Lesson 3 - Creating the Map

Tools and Techniques

In this lesson you will learn how to access a database in Browse mode. We'll also look at navigating browse sublists, making multiple selections from a browse list, and changing databases.
 
 

Browse mode

Browsing is probably the easiest way to get an introduction to these databases. One of the major advantages of browsing is that it does not require any knowledge of database structure or content. It is particularly useful when you're not quite sure what you are looking for or what it might be called, or for general discovery. The large number of hypertext links between objects make it possible to arrive at a particular destination via many alternative paths.

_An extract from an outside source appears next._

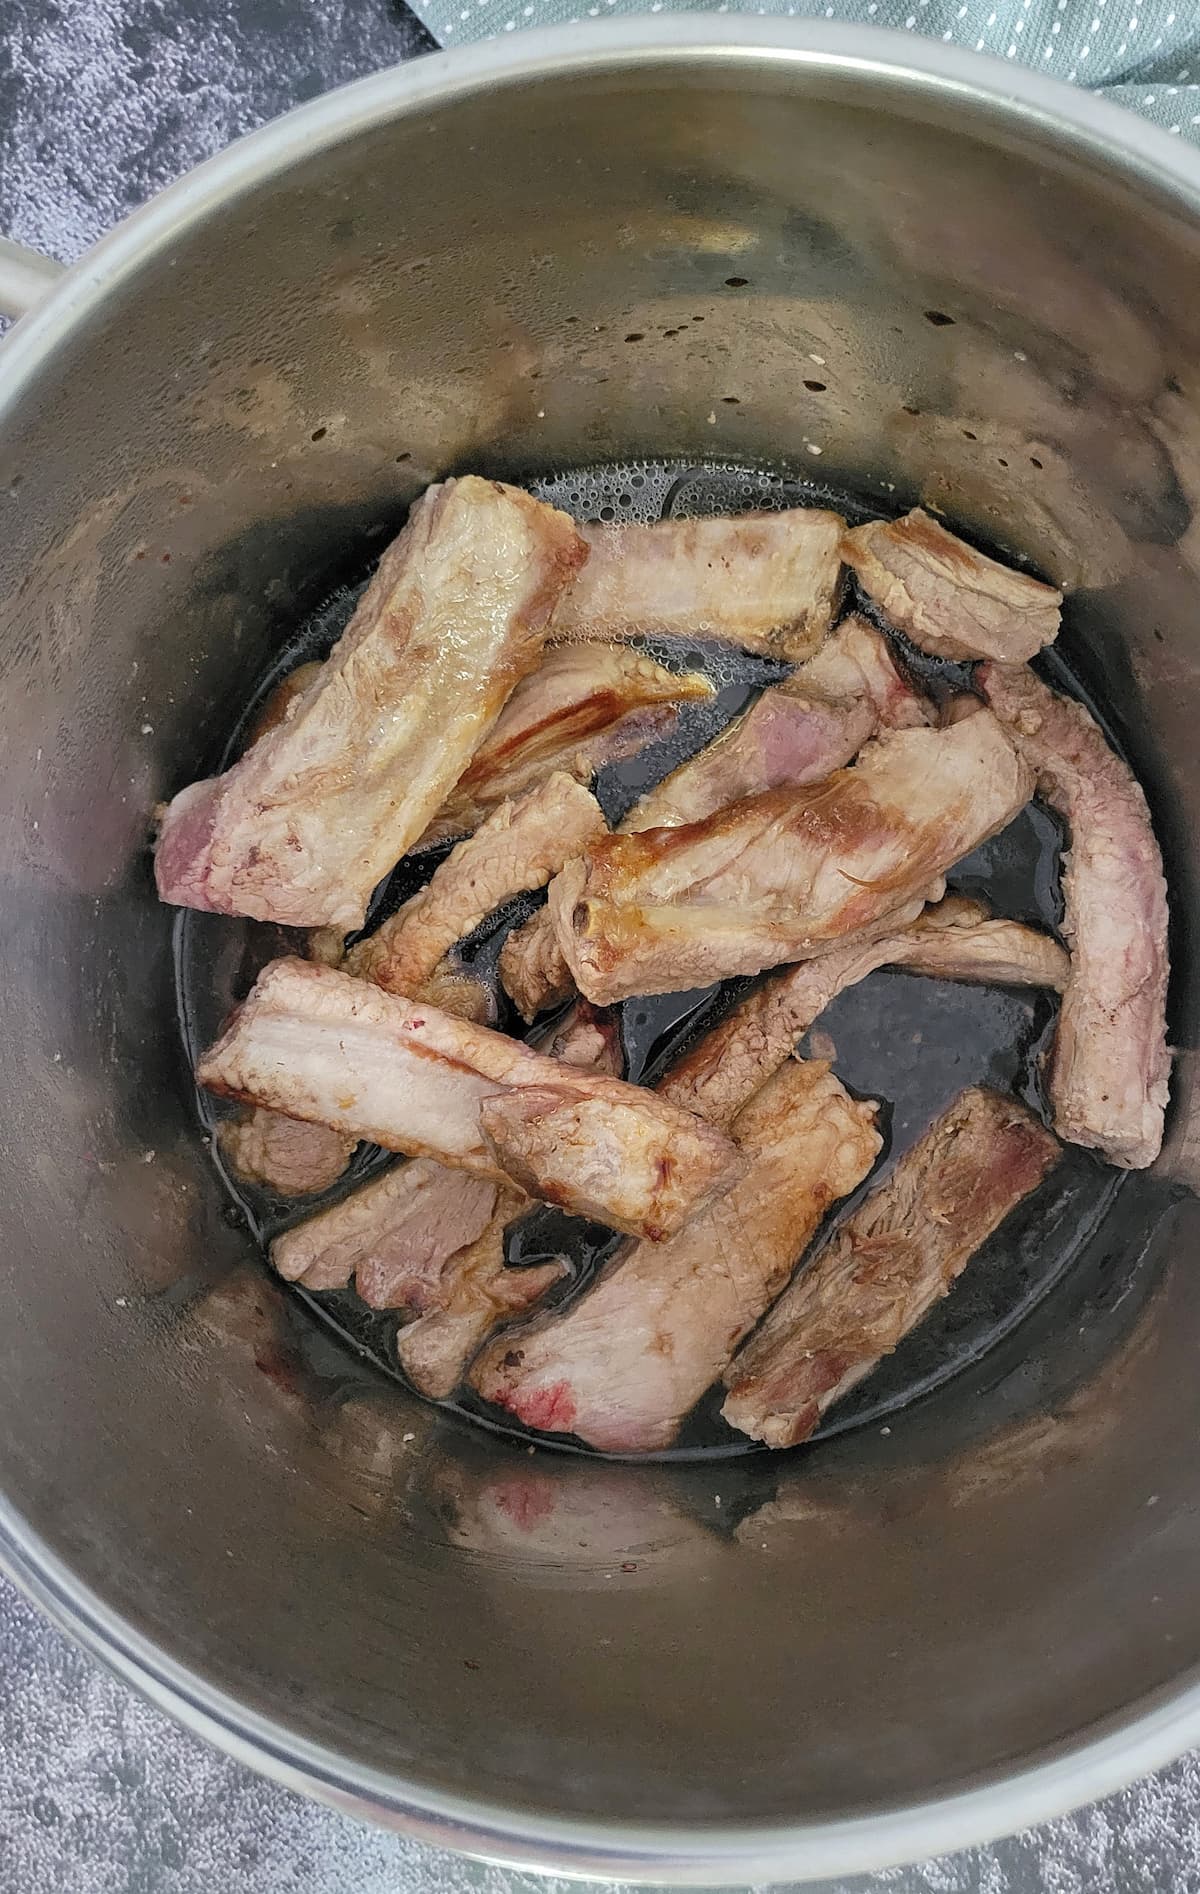 single ribs in a dark sauce in a pot

Browsing is list-driven - you make one or more selections from a list to narrow things down. It does not require constructing a query. The screen interface for browse mode is different for databases using older (prior to version 4) versions of the ACEDB software, so don't be surprised if you encounter a slightly different look as you venture into some of the other databases.

Describing the mapping study

All of the databases use the class "Map" to describe a single linkage group (chromosome). Other classes may be used to provide additional background information on the construction of the genetic map, such as the size and nature of the mapping population, the algorithms used, bibliographic references, even the raw mapping data. This background data can help you assess the quality of the study and direct you to a full account or a colleague to contact. The mapping study may be called by different names - some of the names currently in use include Map_Data, Experiment, Genetic_map, and About_*_Maps (where the * is the study name).

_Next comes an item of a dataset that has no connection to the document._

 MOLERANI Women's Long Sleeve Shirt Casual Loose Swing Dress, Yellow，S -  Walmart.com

Example 3.1- The databases below have examples that illustrate how and where you might find information about genetic mapping studies. Investigate as many as you like!

TreeGenes
If you have a TreeGenes Database comment or question contact Kim Marshall, Curator.

SolGenes
The SolGenes Database project is currently inactive.

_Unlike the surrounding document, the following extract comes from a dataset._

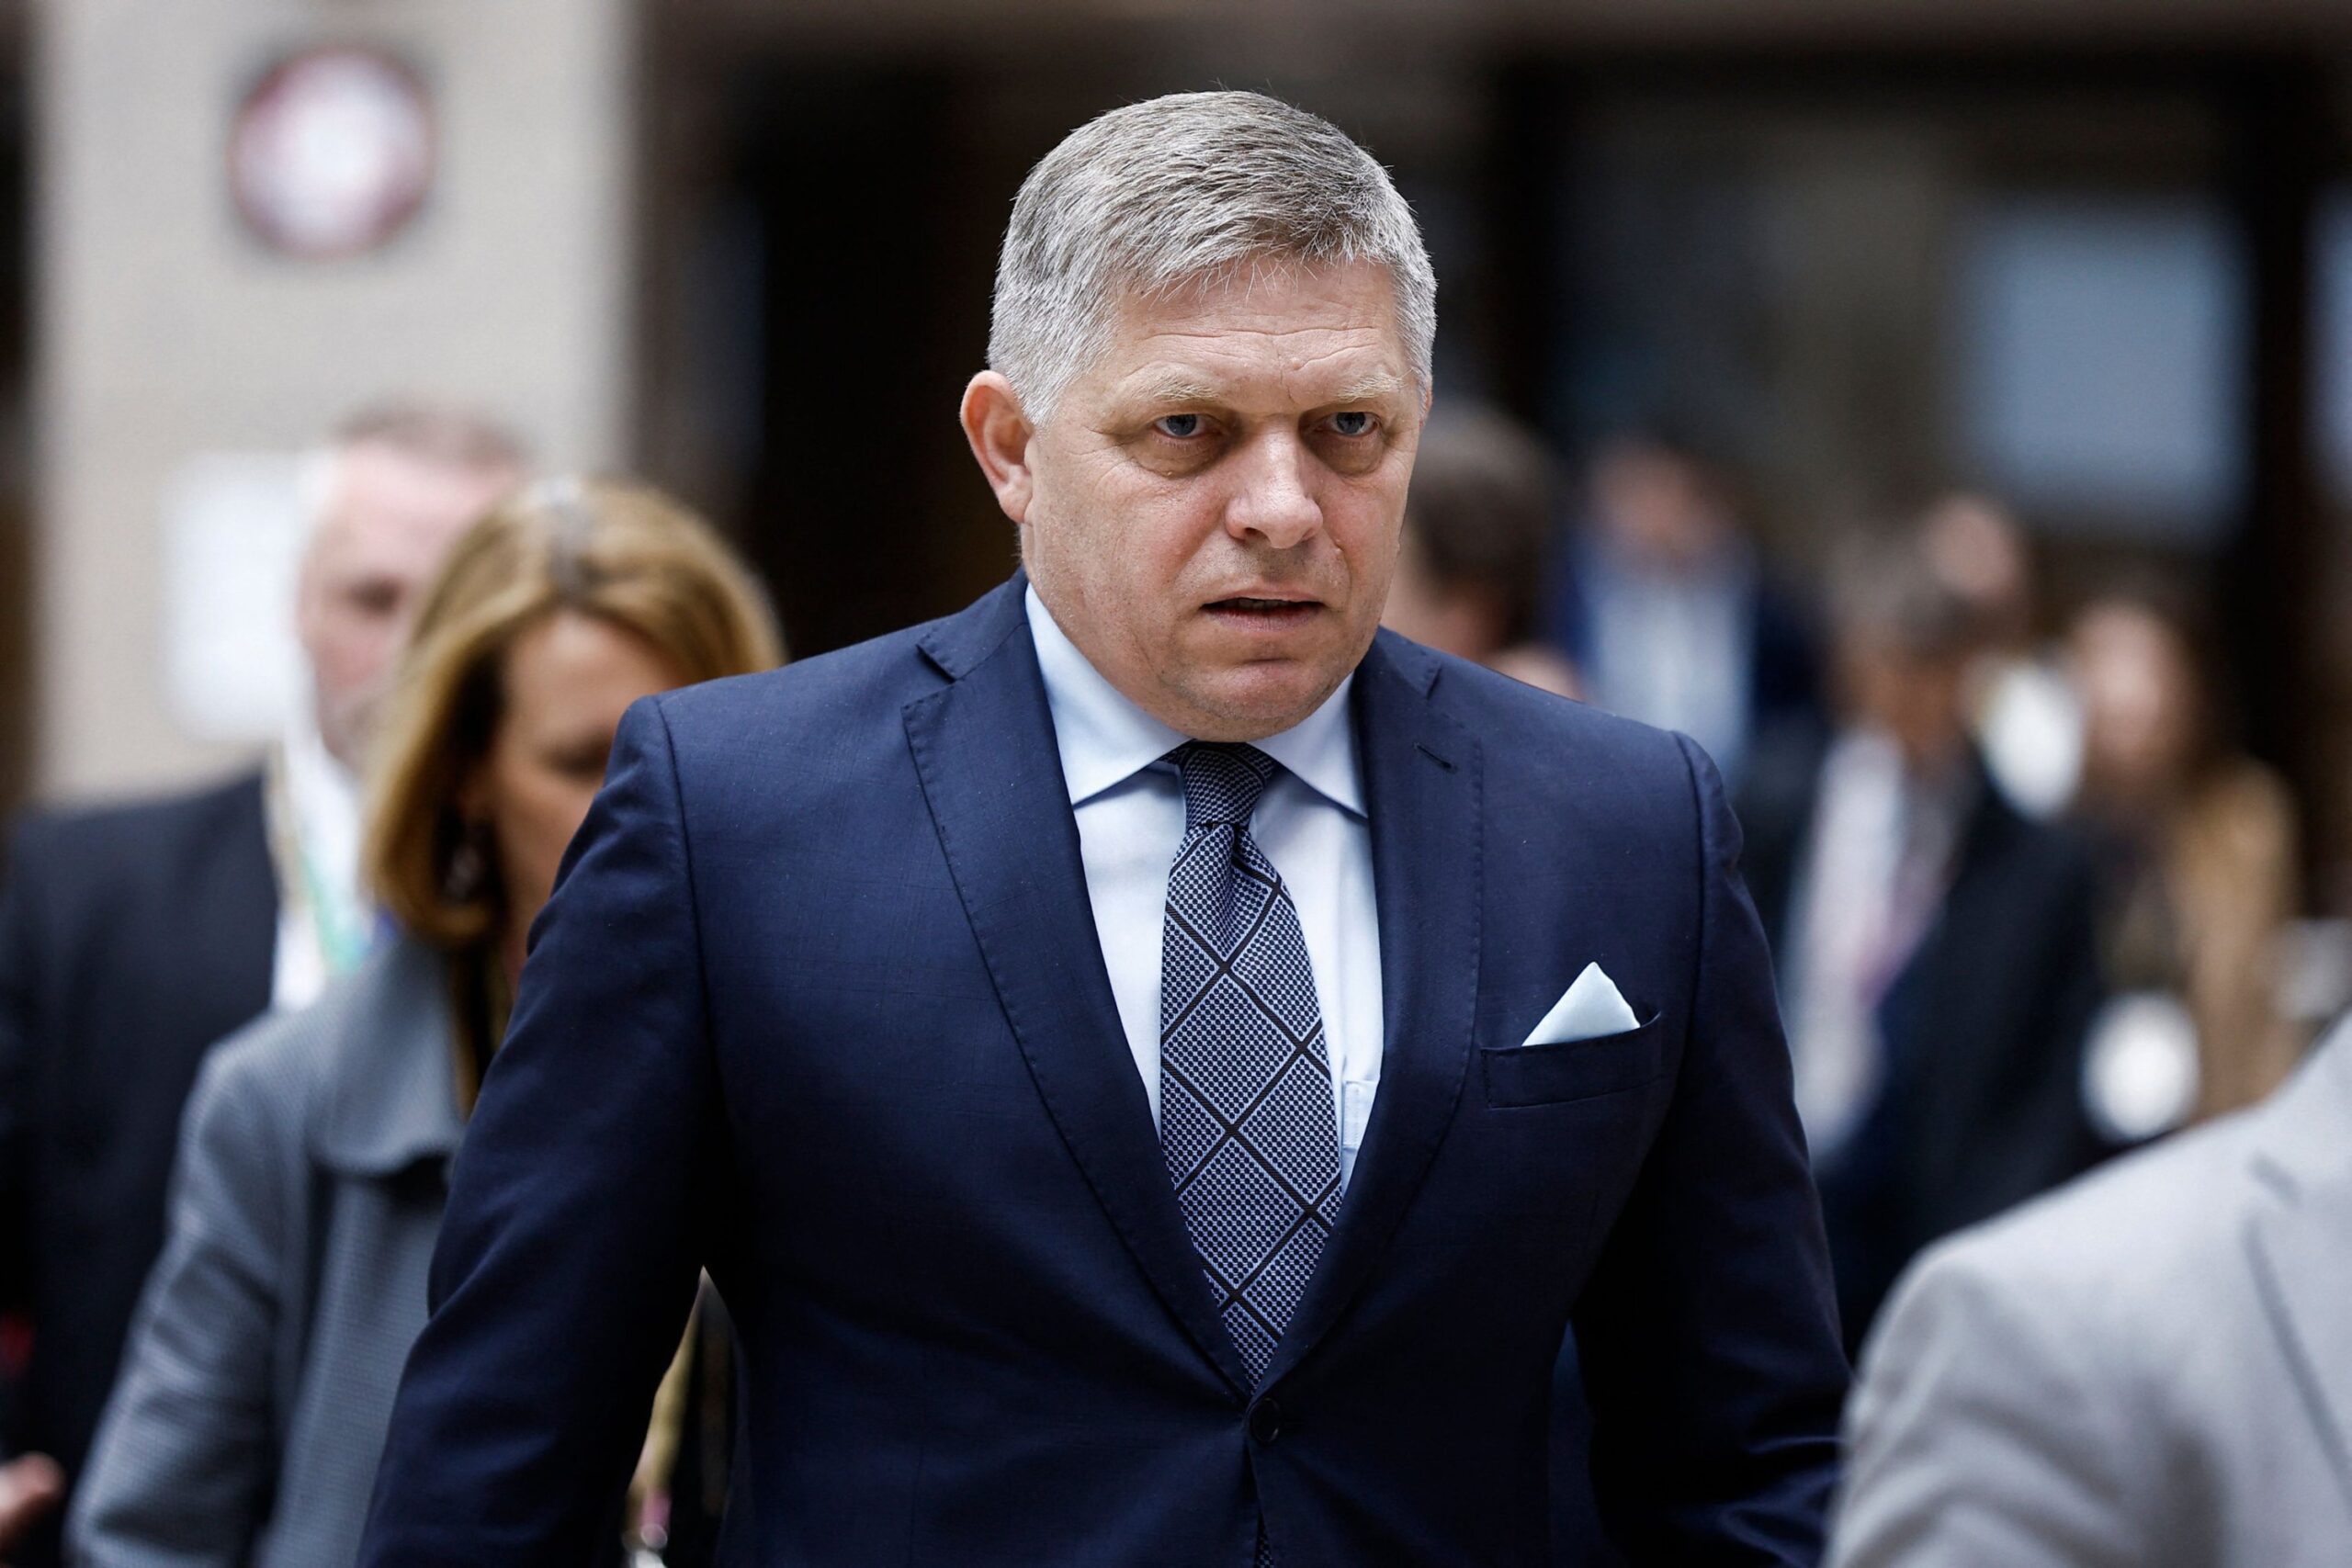 Konfirmohet zyrtarisht: Kryeministri sllovak Fico, jashtë rreziku për jetën!

Describing the mapping population

When making a genetic map, two genetically different parents should be chosen because it is only those markers that differ between the two parents which will yield useful information for the map. Some common mapping population structures include selfing the resulting F1 (first generation) progeny to create an F2 population, continued selfing of the resulting F1 progeny for several generations to create an RI (recombinant inbred) population, crossing the F1 progeny back to one of the original parents to create a BC1 (first generation backcross) population, or collecting anthers from the F1 plants and growing them in culture so that these haploid cells undergo chromosome doubling, creating a DH (doubled haploid) population. These different types of populations vary in the time and effort they take to construct and the amount of information provided by each individual. For example, in a backcross or doubled haploid population, each individual represents meiotic events in just one of the parents, whereas an F2 individual represents gametes from both parents.

Just like the mapping study, information about the mapping population may be found under a variety of different classes, including Map_Data, Panel_of_Stocks and Mapping_population. Facts you might find about the mapping population include the size, the parents, and the structure of the population (F2, Recombinant Inbred, etc.).

Some databases break this information out into its own class, others store mapping population details in the same record with general mapping study information. The examples below will show you two different databases which have separate classes just for the mapping population, but if you can't find this type of information in your favorite database, remember that many databases, for example, SolGenes, RiceGenes and GrainGenes, store population information in with the general mapping study information, in these cases in the Map_Data record.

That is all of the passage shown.